── PROVIDED MATERIAL

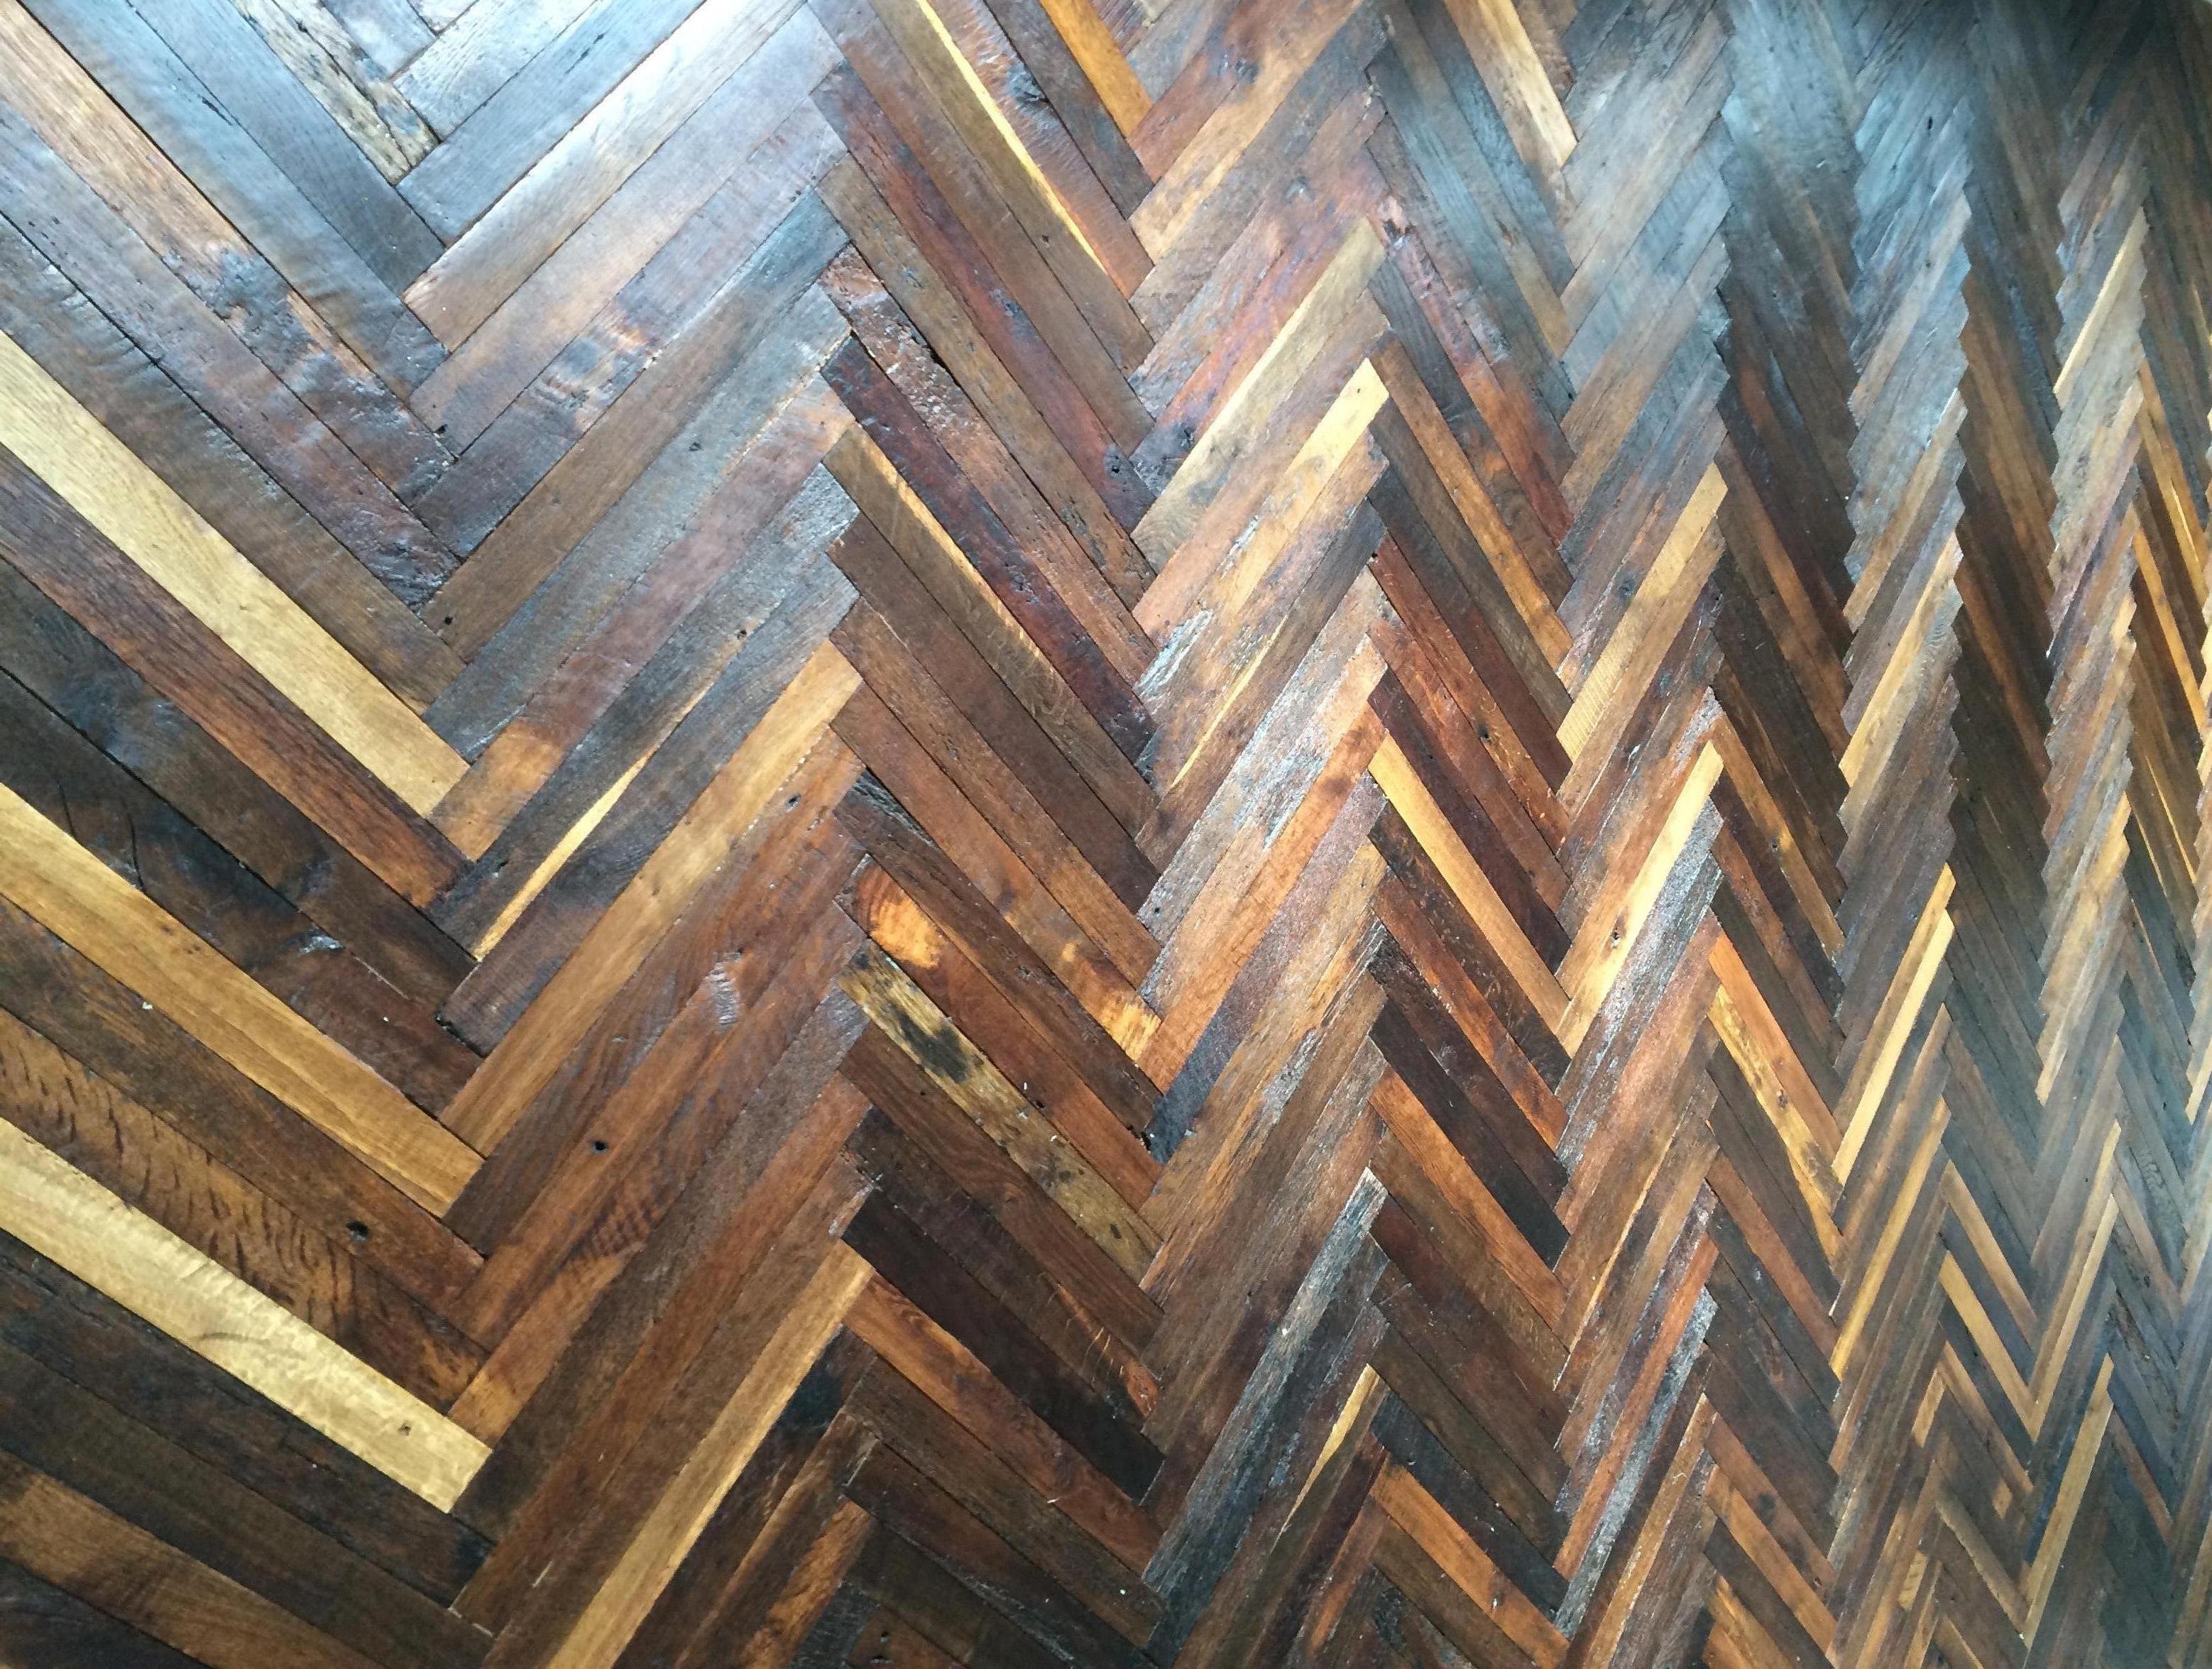 French antique solid wood oak herringbone pattern from France, 18th century.
Possible to customize on the dimensions of each piece, handcrafted with original French antique solid wood oak planks.
Hand-made with original authentic French antique wood

────

REQUIRED WORK:
Return, from the data above, each line in which the string "original" appears.

RESPONSE:
Possible to customize on the dimensions of each piece, handcrafted with original French antique solid wood oak planks.
Hand-made with original authentic French antique wood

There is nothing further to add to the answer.